Румянцев, видный государственный деятель, ученый и коллекционер (книжное
собрание которого превратилось впоследствии в Российскую Государственную
Библиотеку), был настолько потрясен вступлением Наполеона в Россию, что у
него случился, как в то время выражались, "апоплексический удар", и он
навсегда потерял слух. Батюшков, мягкий, скромный, милый и обаятельный
человек, наделенный, может быть, крупнейшим поэтическим дарованием
допушкинской эпохи, волею событий трижды оказывался в разрушенной Москве и
участвовал затем в лейпцигской "битве народов" и взятии Парижа. "Я видел
нищету, отчаяние, пожары, голод, все ужасы войны и с трепетом взирал на
землю, на небо и на себя", писал он в октябре 1812 года. "Ужасные поступки
вандалов или французов в Москве и в ее окрестностях, поступки, беспримерные
и в самой истории, вовсе расстроили мою маленькую философию". "С потерею
Москвы можно бы потерять жизнь; потерю Москвы немногие постигают. Она, как
солнце, ослепляет. Мы все в чаду". Действие этих событий на него оказалось
даже сильнее, чем думал тогда Батюшков. Они дали толчок развитию его
наследственной душевной болезни, обострившейся позже настолько, что она
превратилась в настоящую манию преследования. Батюшков сошел с ума и до
конца своей, довольно долгой жизни (он умер в 1855 году), не приходил уже в
здравый рассудок. Но образ Наполеона не отпускал его до самой смерти: в
своем последнем письме, написанном в 1853 году, Батюшков благодарит своего
адресата за "подарочек портретом Наполеона" и сообщает, что он молится ему
ежедневно, платя свои долги (в оригинале по-итальянски - "pago debiti
miei"). В странном, зеркальном, перевернутом мире сумасшедшего Батюшкова
Наполеон, искренне ненавидимый им ранее, теперь выступает как "великий
император" и "благодетель вселенной". "Да царствует он снова во Франции,
Испании и Португалии, неразделимой и вечной империи французской, его
обожающей и его почтенное семейство!", пишет Батюшков без тени иронии. "Да
будет меч Его победитель над варварством, ограда Христианских народов,
утешение человечества".

    2



События 1812 года, как мы видим, показались в России неслыханными и
небывалыми, почти не поддающимися осмыслению. Современники сравнивают их со
сном, с бредом, не могут в них поверить, осознать их, с ними свыкнуться.

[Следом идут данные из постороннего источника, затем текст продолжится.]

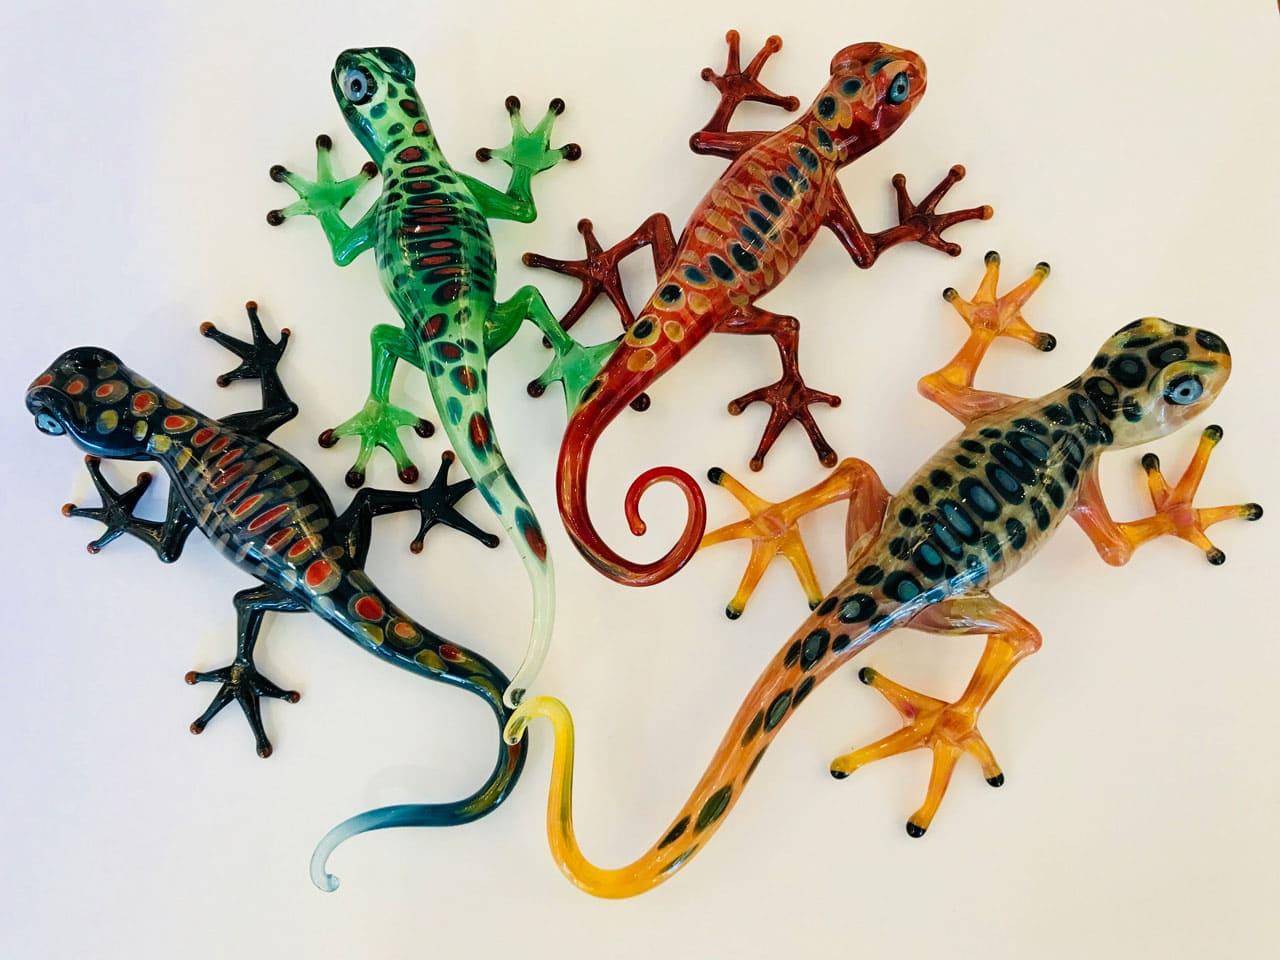 Assorted Handblown Glass Geckos by Chris Upp - Examples
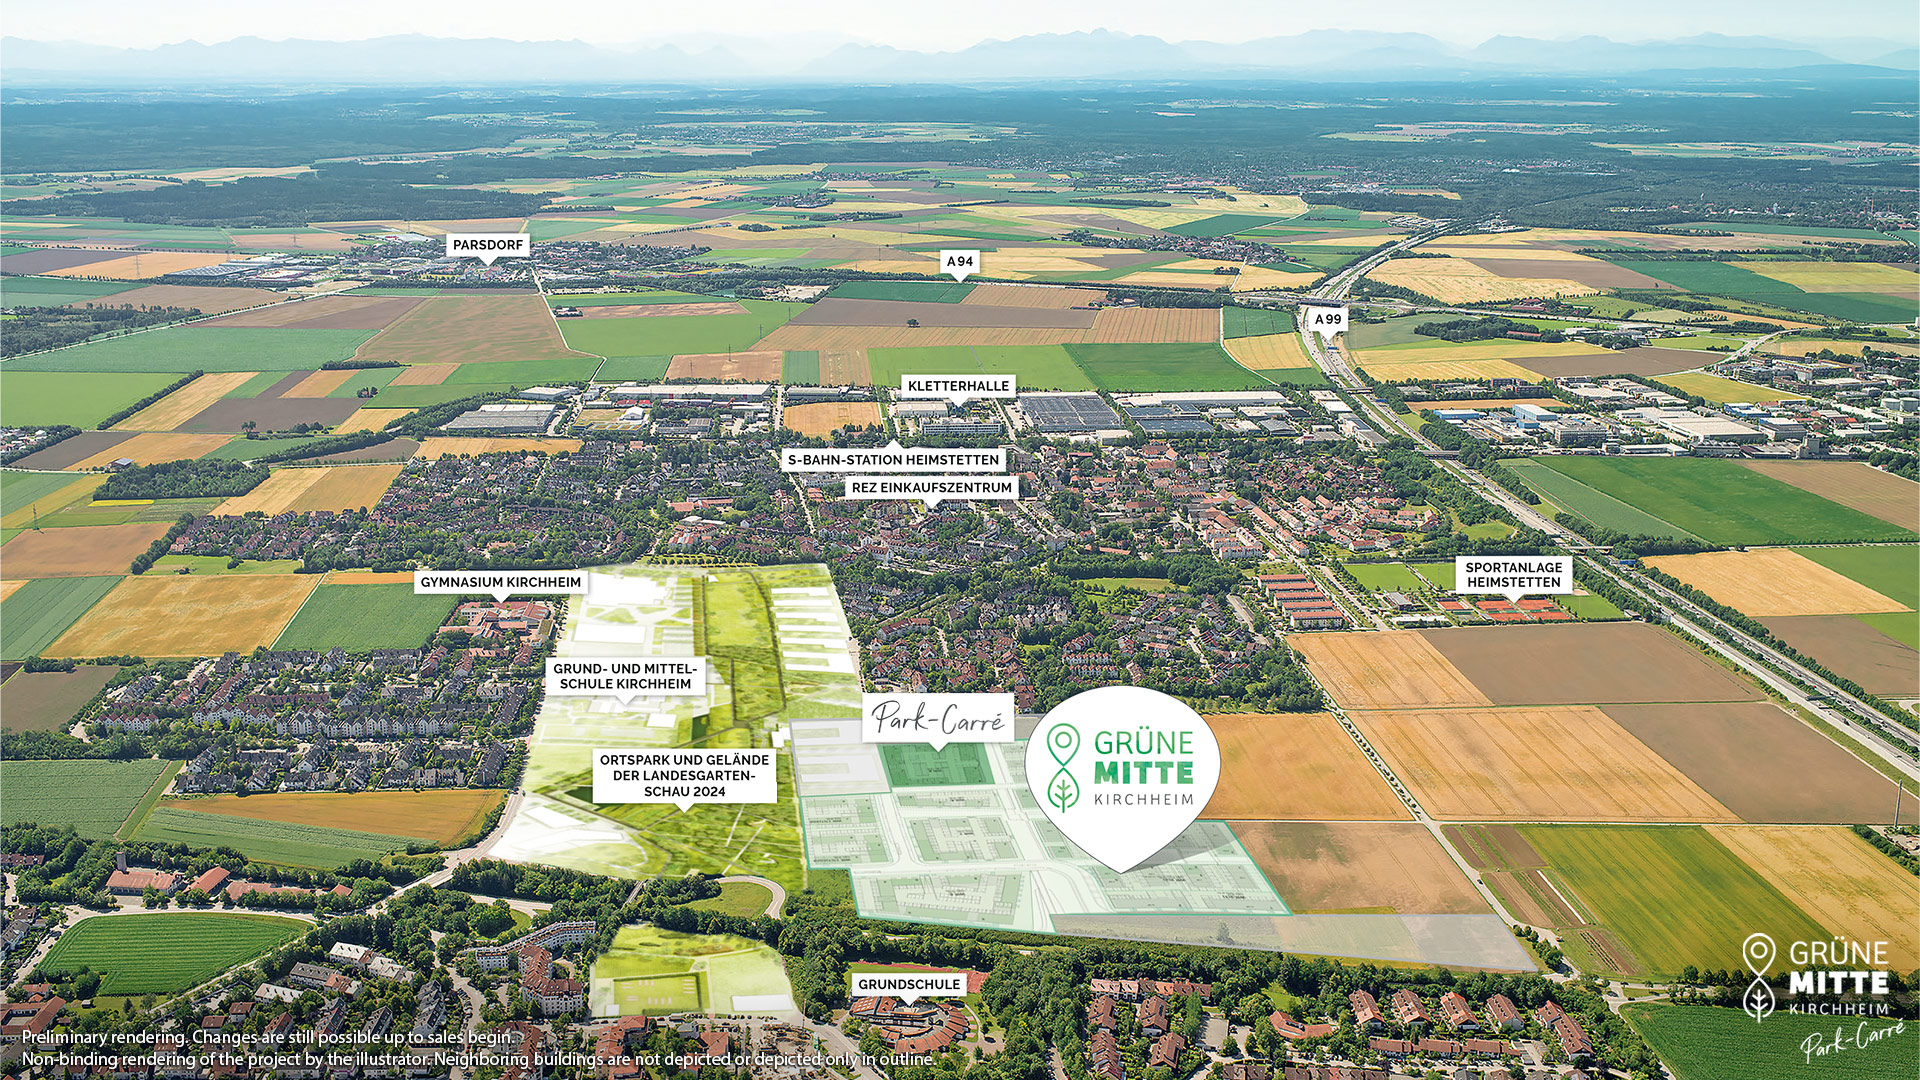 Property Gruene Mitte Kirchheim - park-Carr - Preannouncement - Aerial view

Одна масштабность происходящего была очевидна для всех; было ясно, что это
не просто военное столкновение двух стран, а поворотный пункт, рубеж,
переворот, имевший чрезвычайное значение для исторических судеб и России, и
Европы.
Почему же война с Наполеоном была так воспринята в России? Конечно, это
была самая значительная попытка Запада подчинить себе Россию, но почему она
показалась современникам таким вселенским, мировым конфликтом, потрясшим
самые основы мироздания, чуть ли не концом всемирной истории? Почему
разрушение русских городов и пожар Москвы они восприняли как роковое, но
справедливое возмездие за какую-то скверну, в которой погрязла Россия, как
искупление этой скверны, как огромную, но необходимую жертву?
Для прояснения этих вопросов нужно рассмотреть более ранний отрезок
русской истории, особенно в ее взаимоотношениях с историей западной.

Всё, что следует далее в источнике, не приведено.